# Specific 3D Printers, Scanners, & Hardware > Other 3D Printers / Scanners / Hardware >  New CubePro Firmware release - seems a good update

## iDig3Dprinting

3D systems have released a new firmware upgrade for the Cubepro to increase print speed and enhance print quality.

It also adds support for their Flexible filament.

From what we can tell this does have a marked effect on performance of the CubePro

----------


## Todd-67

Does it work with Simplify3D and the codex? In the past when they released firmware updates it messed that connection up.

----------


## iDig3Dprinting

> Does it work with Simplify3D and the codex? In the past when they released firmware updates it messed that connection up.


The short answer is "I don't know", the long answer is "I do not know".
You could try and downgrade the firmware if it does not work.
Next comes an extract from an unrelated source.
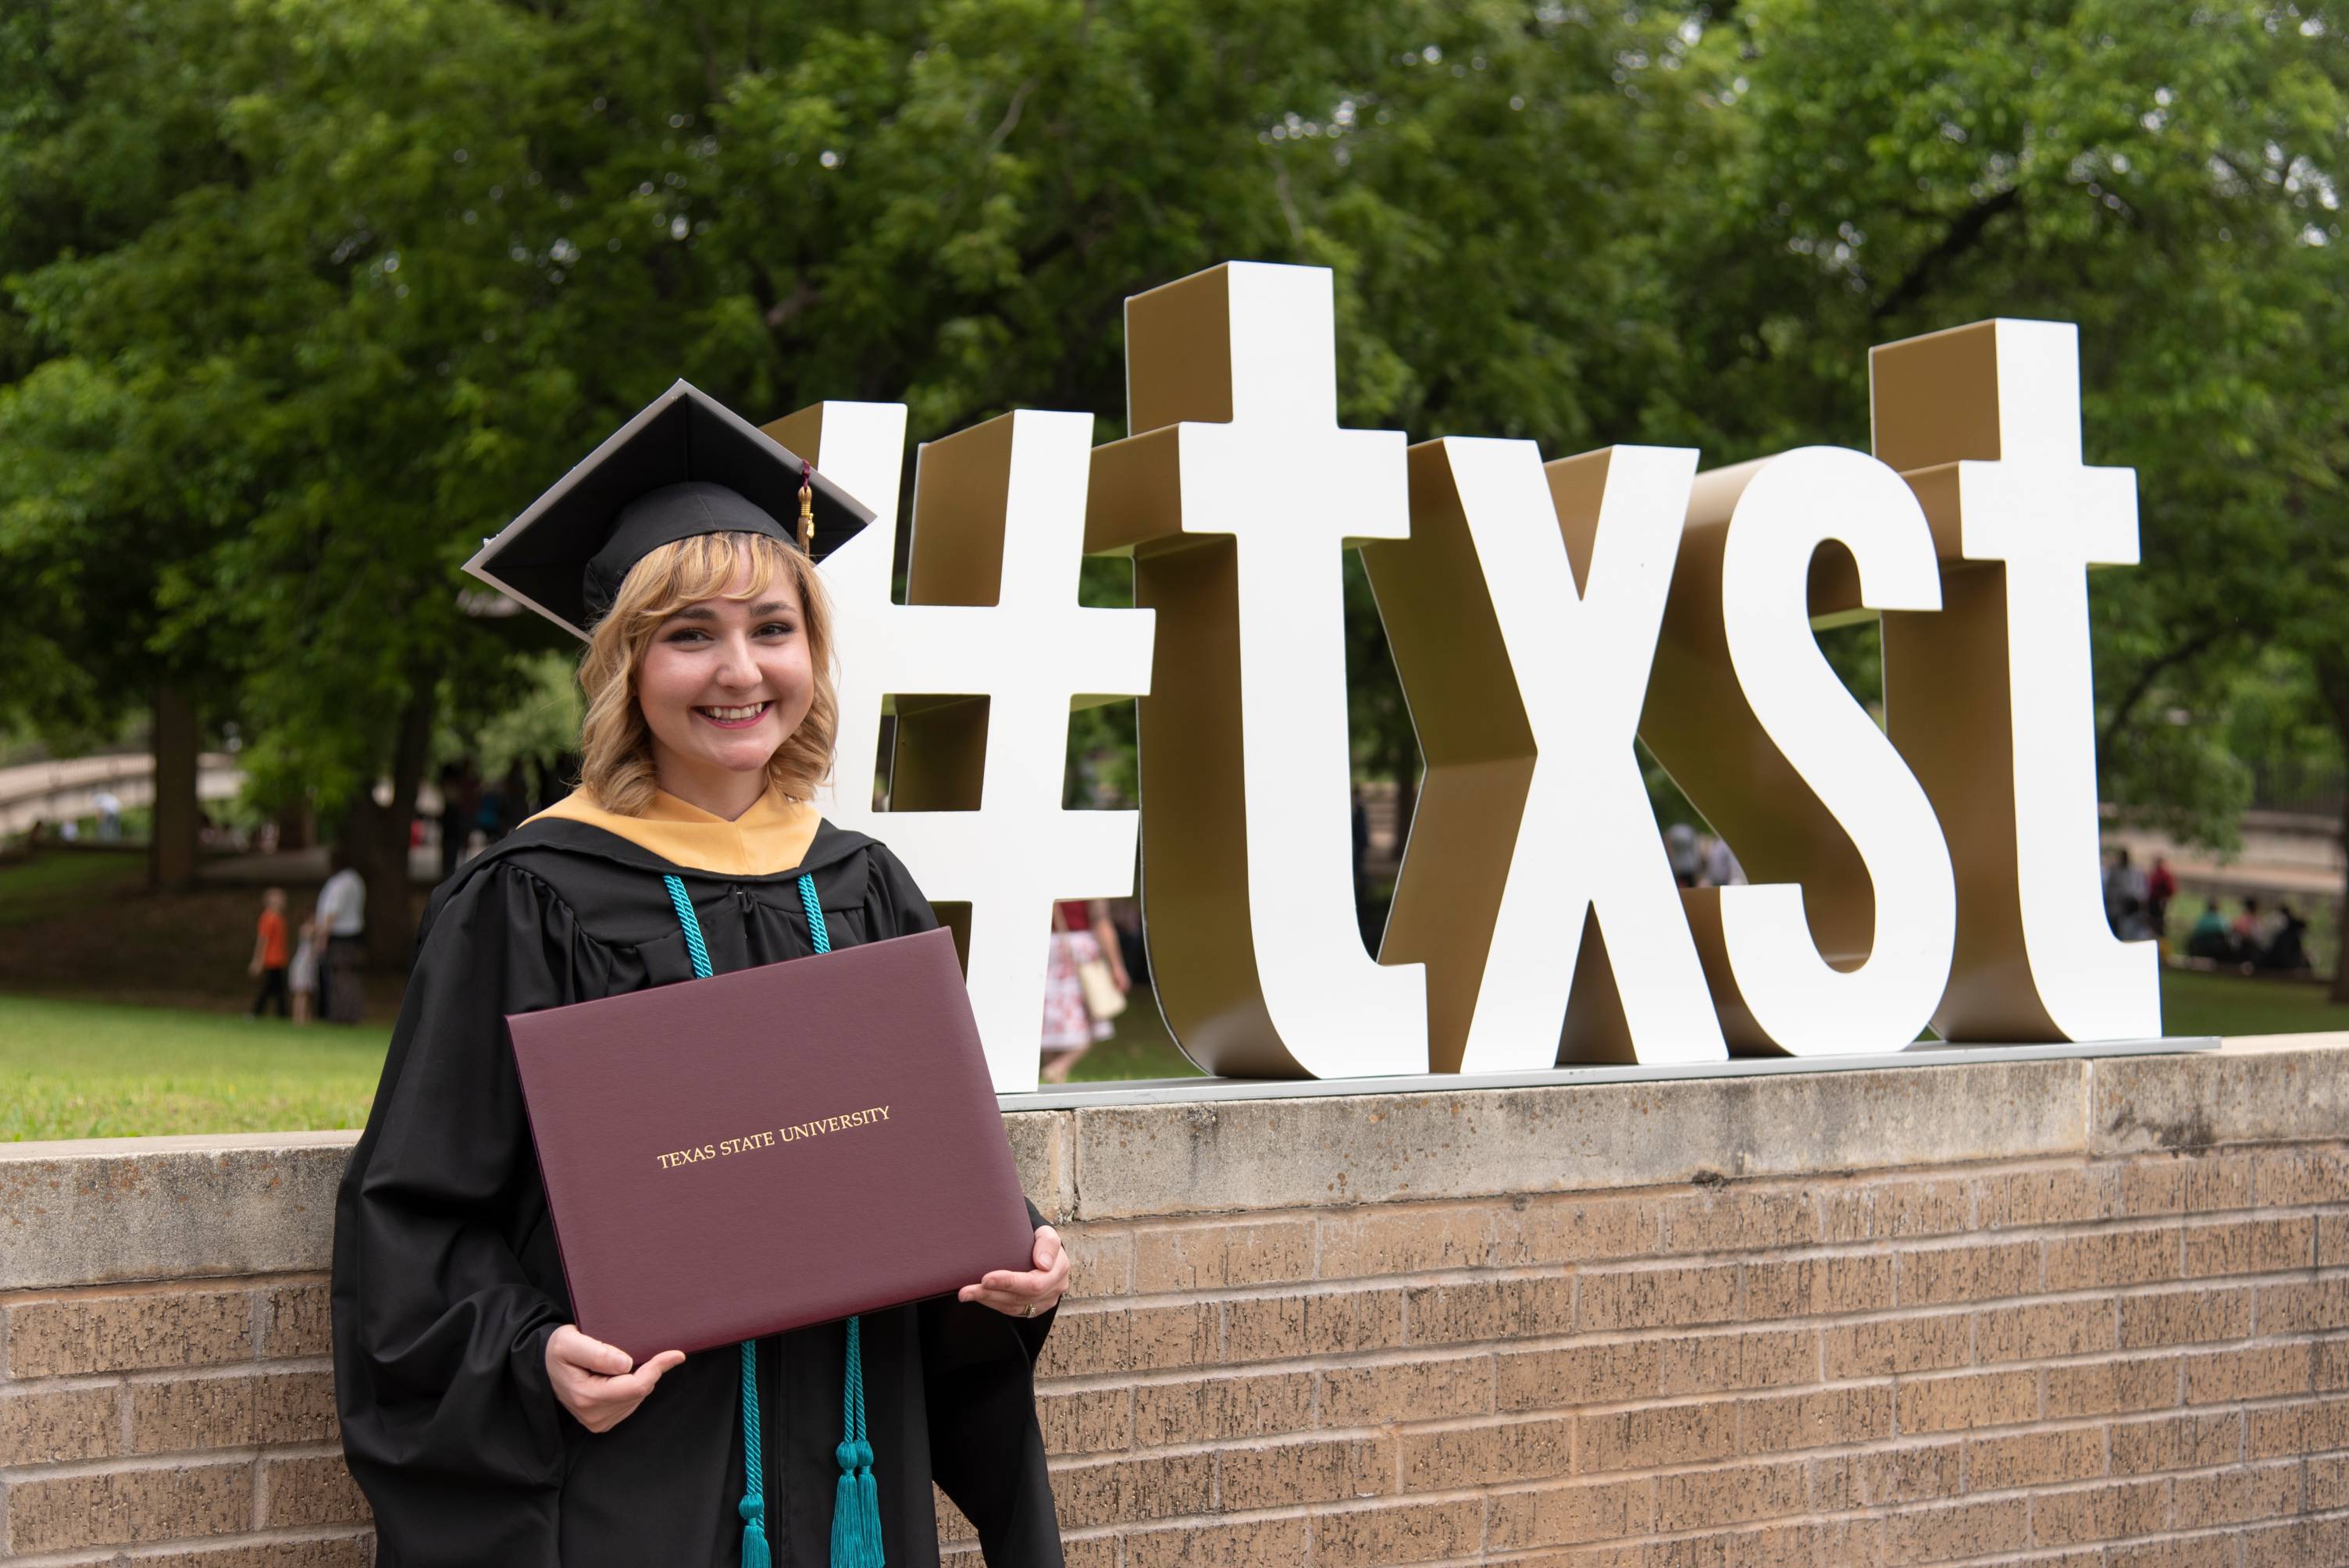 ‘Forbes’ names Texas State among “America’s Top Colleges”
for 2023

***** BUT, we haven't tried this method and we have not downgraded firmware so we cannot say it works. *****

there is this link to 3D systems archive list   that will include the links to previous versions. If you search the  xml for cubepro and find the right version you can add the "key" to the  above url to download the file.

----------


## Todd-67

I have the older versions of firmware but I haven't tried to downgrade it. The guys got the codex to work with the version I am on now so I think I am good for now. I just wish they would improve their slicer. Support generation is not great and the supports that it does produce are almost impossible to remove without damaging the print. 

 Have you guys experimented with the disolvable support material yet?

----------


## iDig3Dprinting

We have just had somebody on Reddit saying they had tried a downgrade but that it didn't work. We are trying to establish how it failed at the moment, so don't try this yet.
As to infinity, it seems to work well. Treat it like pva, i.e. it is sensitive to moisture, but it does add good support and we have never had any complaints from customers.

----------